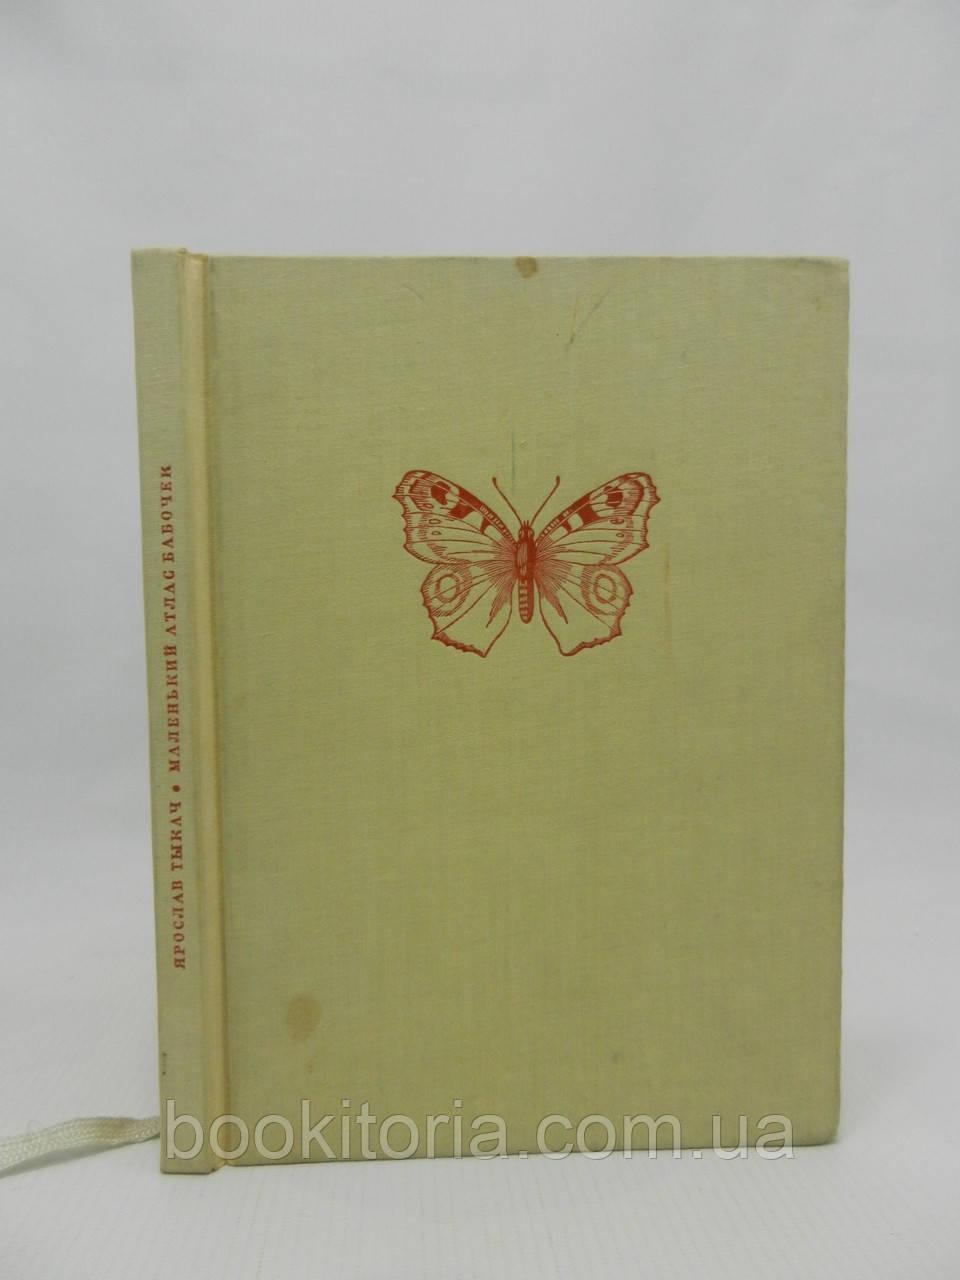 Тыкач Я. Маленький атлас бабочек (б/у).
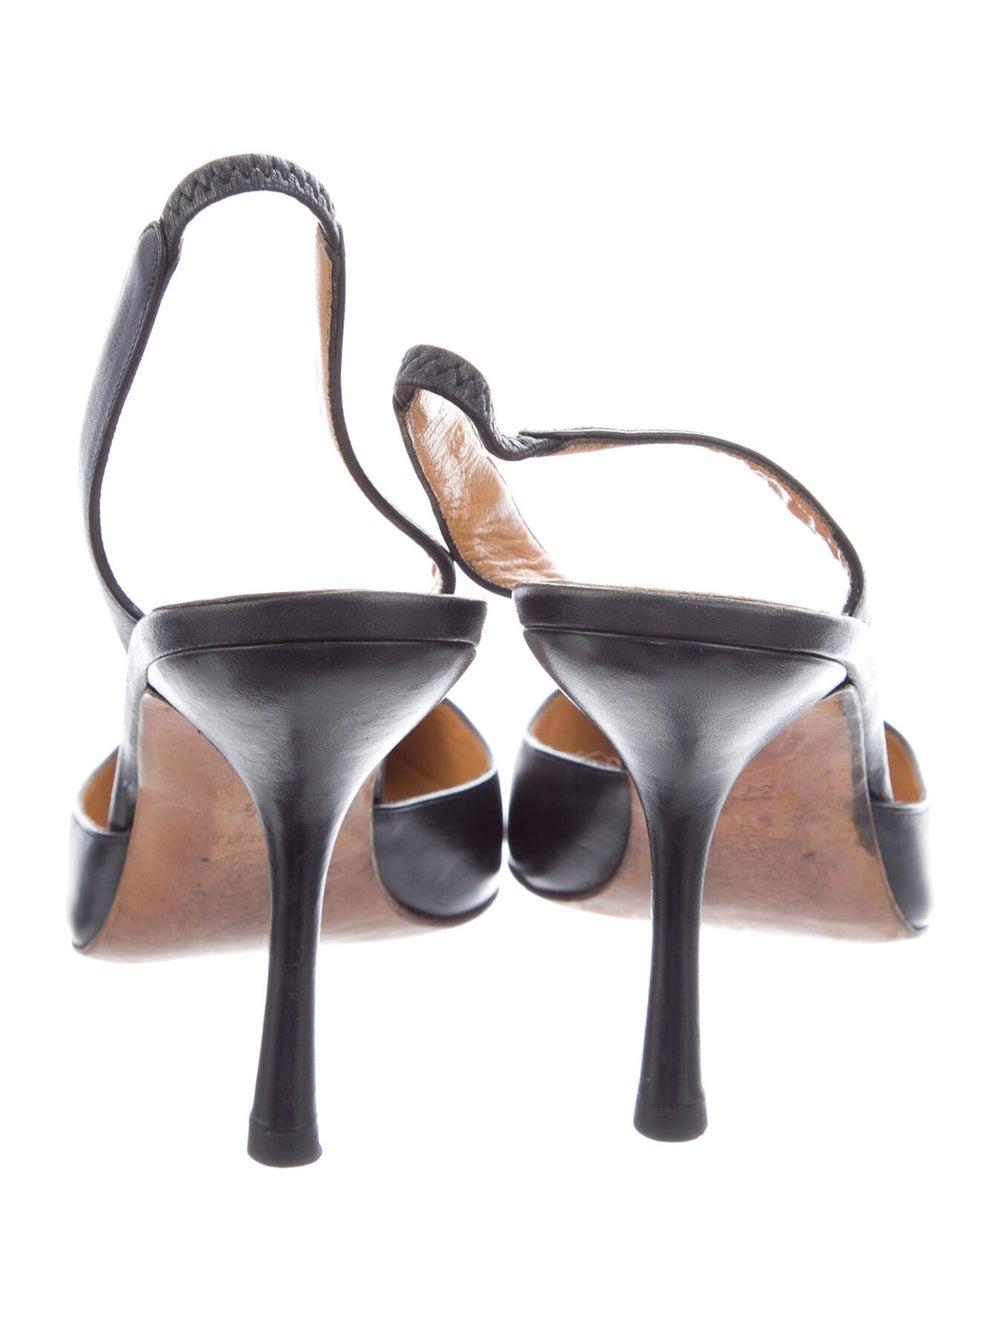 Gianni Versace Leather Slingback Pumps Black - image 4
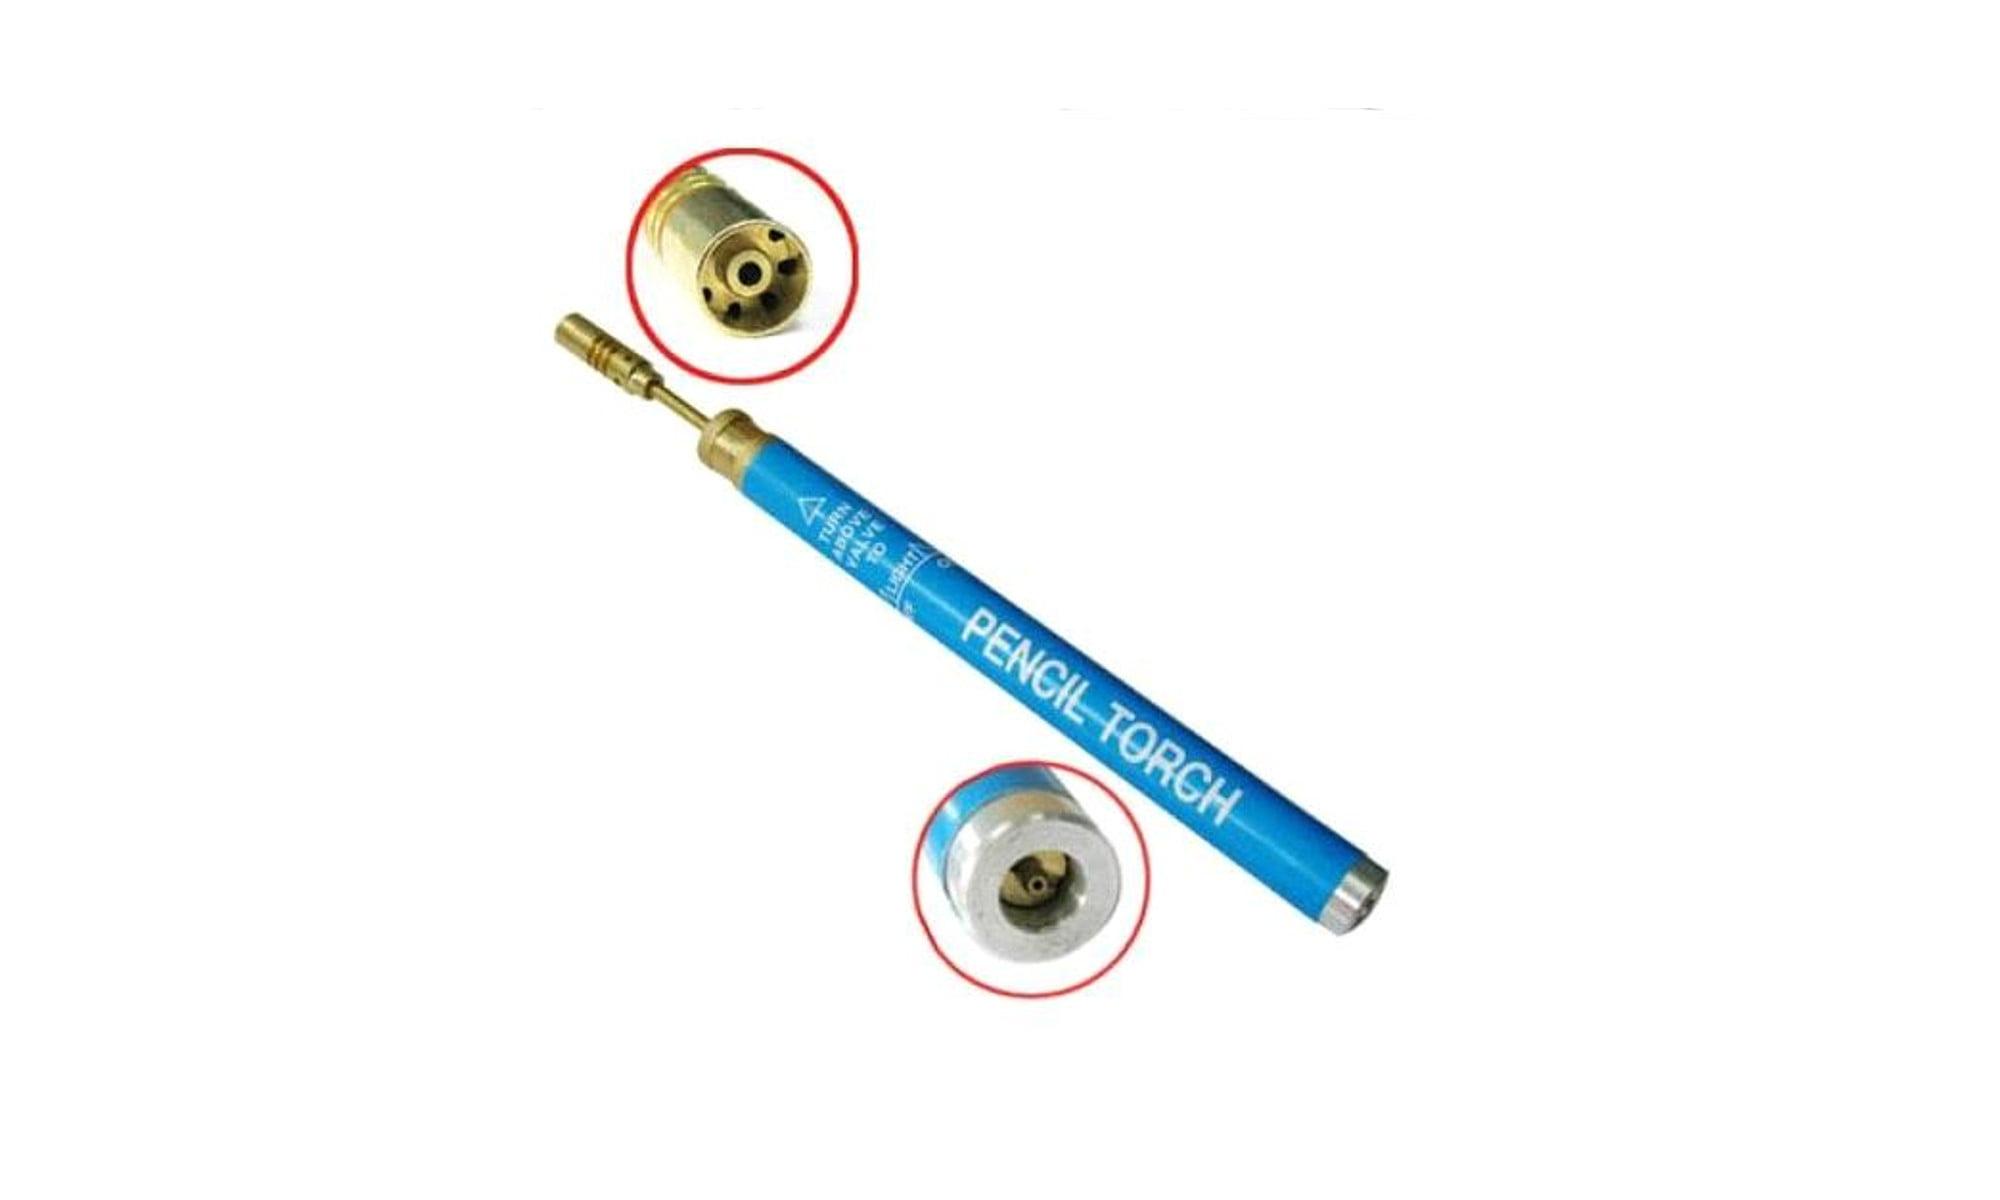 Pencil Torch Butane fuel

——

- **INSTRUCTIONS FOR THE TASK**
Nothing should appear in the answer except the lines from the one containing "Gianni Versace Leather" through the last line of the listing, given again exactly and with no pictures.

- **FINISHED TASK**
 Gianni Versace Leather Slingback Pumps Black - image 4
 Pencil Torch Butane fuel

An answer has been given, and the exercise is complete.